Wallace Abel Downs (November 12, 1855 – February 12, 1908) was an American colonel who participated in the Spanish–American War. He commanded the 71st New York Infantry Regiment throughout the war as its colonel. He was also a Freemason, notably serving as the Master of Crescent Lodge No. 402 from 1883 to 1885.

==Military career==
Wallace was born on November 12, 1855, at Seneca, New York as the son of Major Abel Downs and Ann Downs. Downs enrolled in the Mt. Pleasant Military Academy and after graduation, he moved to New York City to become a contractor and where he would found the Hutchinson Manufacturing Company and became its secretary and treasurer.

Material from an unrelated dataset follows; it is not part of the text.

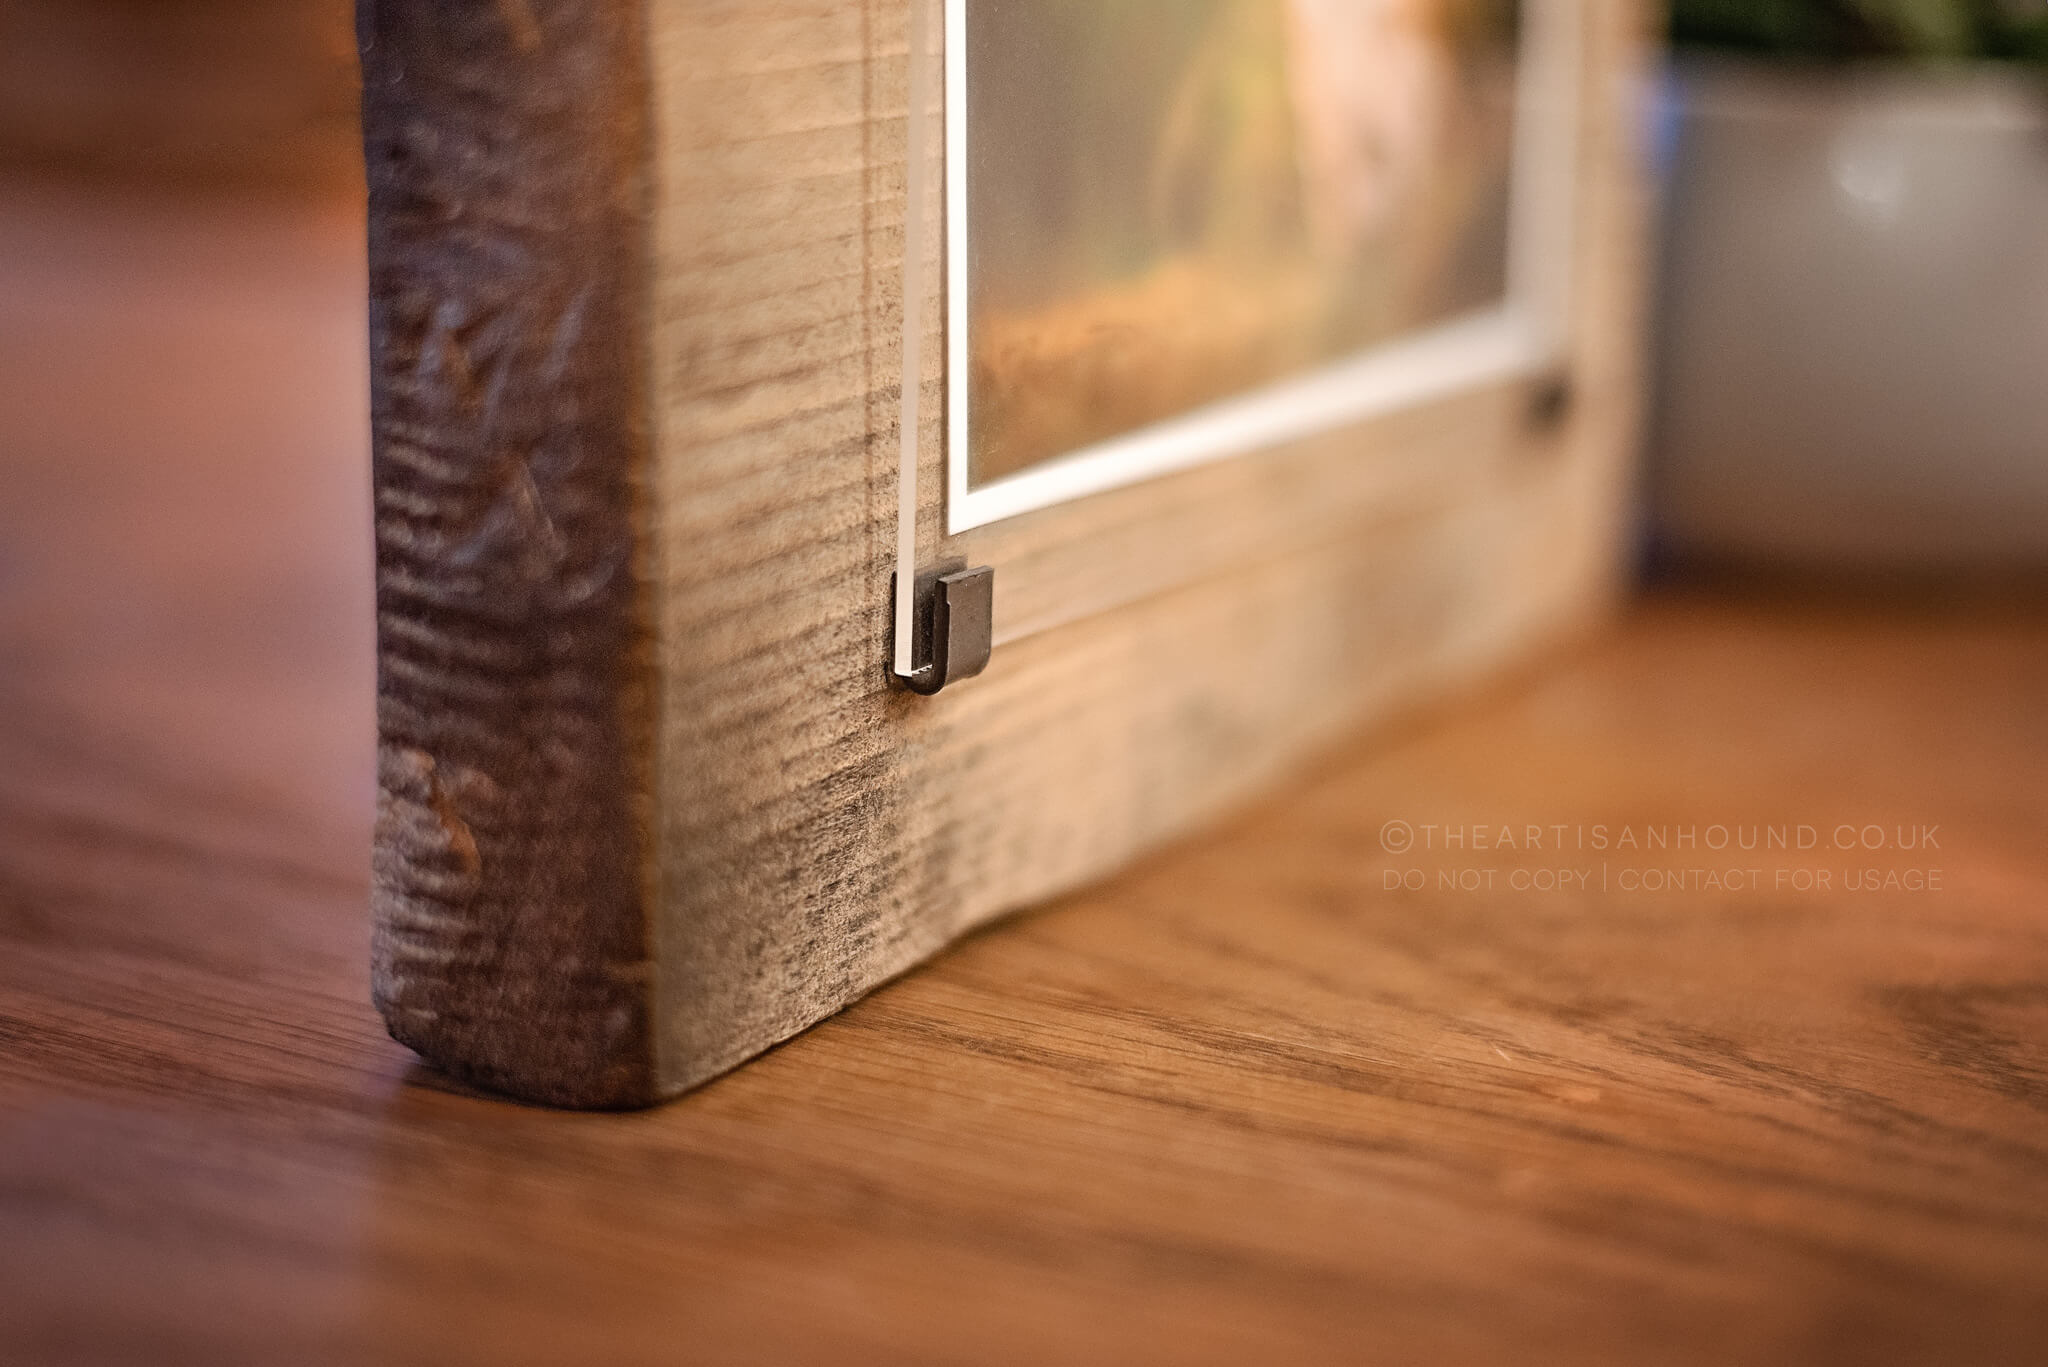 corner-detail-of-wooden-phot-frame

Downs later helped found the Continental Match Company as its secretary and treasurer while William M. Mixer became president of the company. In December 1874, Downs became a part of the 16th Battalion and on 1876, he was promoted to Major of the battalion, occasionally serving as its adjutant until resigning from the Battalion in 1880 due to his lack of personal interest in military affairs. Despite this, Downs re-enlisted to the 71st New York Infantry Regiment as an Adjutant in September 1886. (Note: The text states 1876, but this was likely an error.) In April 1887, he was promoted to Major and was promoted to Lieutenant Colonel by 1893. Around this time, Downs was described as being a strict disciplinarian, but enjoyed the confidence of his men.

==Freemasonry==
Downs also engaged in Freemasonry as he was passed and raised at Crescent Lodge No. 402, eventually becoming its master in 1883 and holding that office for 2 years. Downs was then exalted at Crescent Lodge No. 220 before finally settling at Amity Chapter No. 160. He received his council degrees at Adelphie Council No. 7 and was knighted at the Palestine Commandery on 1888. Downs was also known for have raised fifty Masons at the East, making it one of the most successful lodges at New York City. He was also a Republican, but didn't tend to be strict about his political beliefs and tended to vote based on who he personally thought would be the better candidate.

==Spanish–American War==
On May 2, 1898, due to the outbreak of the Spanish–American War, Downs took up arms as the Lieutenant Colonel of the 71st New York again. He was initially stationed at Camp Black, Hempstead before being transferred to Ybor City and shipped out to Cuba where the regiment would see active combat against the Spanish Army. On May 31, 1898, Downs was promoted to Colonel and given command of the regiment and would subsequently see active combat at the Battle of San Juan Hill and the Siege of Santiago. Downs was mustered out on November 15, 1898, but by this point, Downs was in declining health and would die at the Roosevelt Hospital on February 12, 1908, from Appendicitis.